Good Read

Lauren Molyneux reviews the latest best sellers including her ‘top pick’, which provides an elegantly articulated insight into grief, loss and companionship

The Friend
Sigrid Nunez
From the blurb, The Friend presents itself as a book about loss and companionship. In actuality, it’s about so much more than that.
When our narrator unexpectedly loses her lifelong friend to suicide, she feels obliged to take his dog, a Great Dane named Apollo, into her own care. Though a self-professed ‘cat-person’, she soon comes to appreciate the canine’s company, and begins to realise that she is not the only one who is grieving. The loss is explored through our narrator’s words, who is able to elegantly articulate her feelings, reminiscing and sharing memories about her dear friend. At the same time, the feelings she expresses are mirrored in the actions of the melancholic dog, and the healing power of the human-canine bond shines through.
The Friend is beautifully written – Nunez’s prose is smooth as silk and almost sings from the page. It is equally charming and intimate and, although it explores the value of man’s best friend wonderfully, it also offers elegant insights into art, literature and the act of writing, academia, creativity and philosophical thinking.
Told with interesting exposition, the second person address somehow makes everything feel more real and allows the writer to play with genres boundaries to include elements of fiction, memoir/autobiography, informal letter and personal journal.
The Friend offers up an elegant meditation on grief, loss, friendship, healing and the very special bonds shared between humans and dogs. It explores so many unexpected avenues and has such resonance that you’ll want to read it twice-over.

Nine Perfect Strangers
Liane Moriarty
Liane Moriarty brings together Nine Perfect Strangers at a luxury retreat in the middle of nowhere. Their curiously charming resort leader, Masha, promises they will be changed forever, but none of them could have anticipated the transformation they will each undergo.
Nine Perfect Strangers places the introduction and development of realistic characters at the heart of the novel.

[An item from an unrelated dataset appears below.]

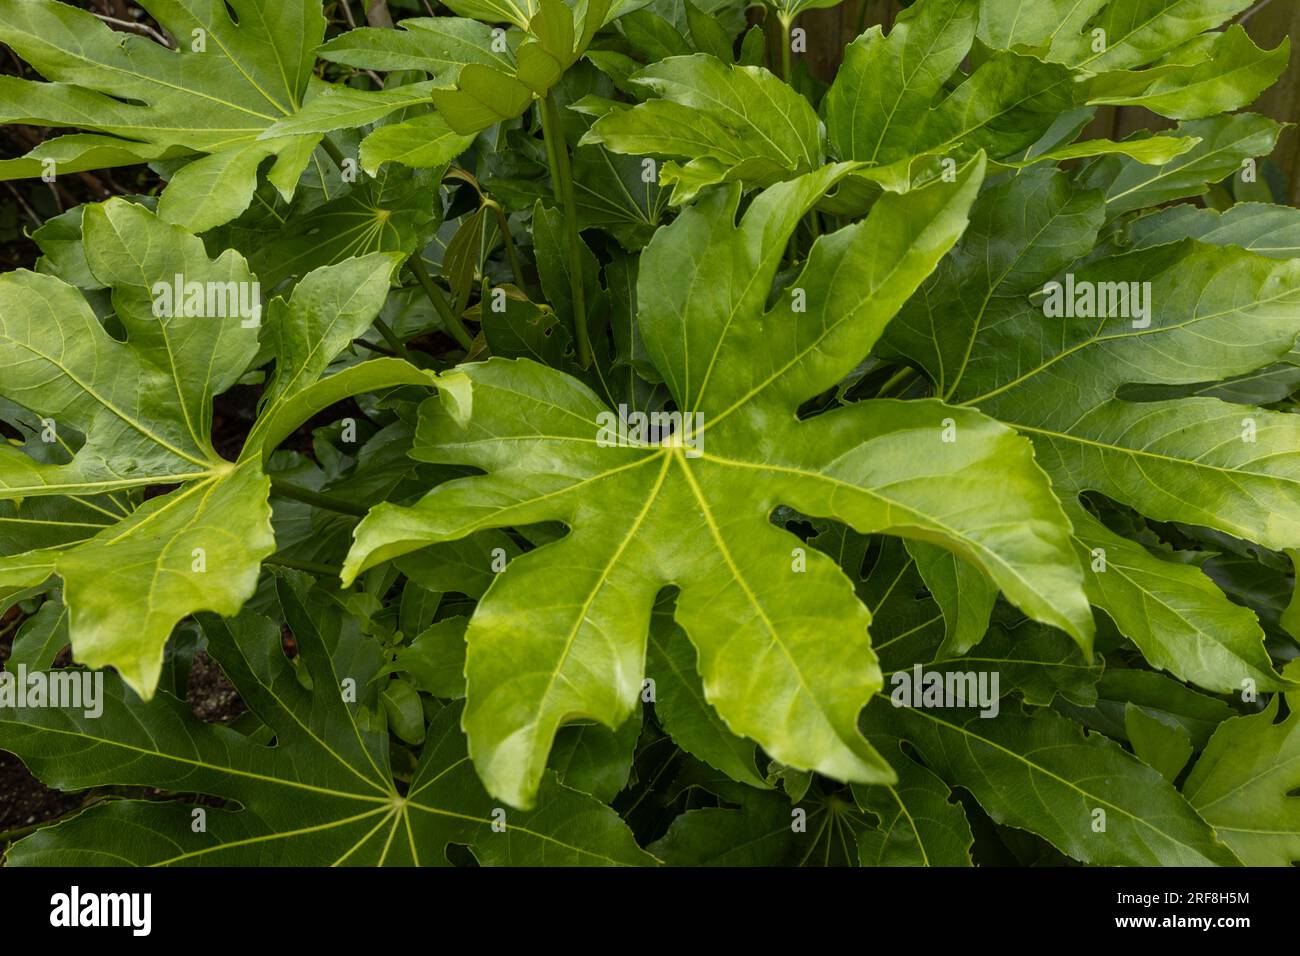 Fatsia japonica leaves Stock Photo

Although it is based upon a ‘thriller’ plotline, one that has interesting twists and plays around with reader expectations, I strangely found myself more invested in learning about what brought all these characters to the resort, their histories and varying hard times, than getting excited about the narrative twists, which at times seemed a little forced.
Nine Perfect Strangers is an ideal summer read. It is a novel which sets a good pace from the offset and feeds you just enough to keep you interested. Easily finished in an afternoon, it explores some interesting ideas, particularly surrounding wellness, image, mindfulness and philosophy. It’s a story about taking care of yourself, about how much the past can affect your future, how tight its grasp can be and how difficult it can be to shake it off. Nine Perfect Strangers fuses together elements of several genres to produce something that is very readable, if at times a little bit rushed and hyperbolic.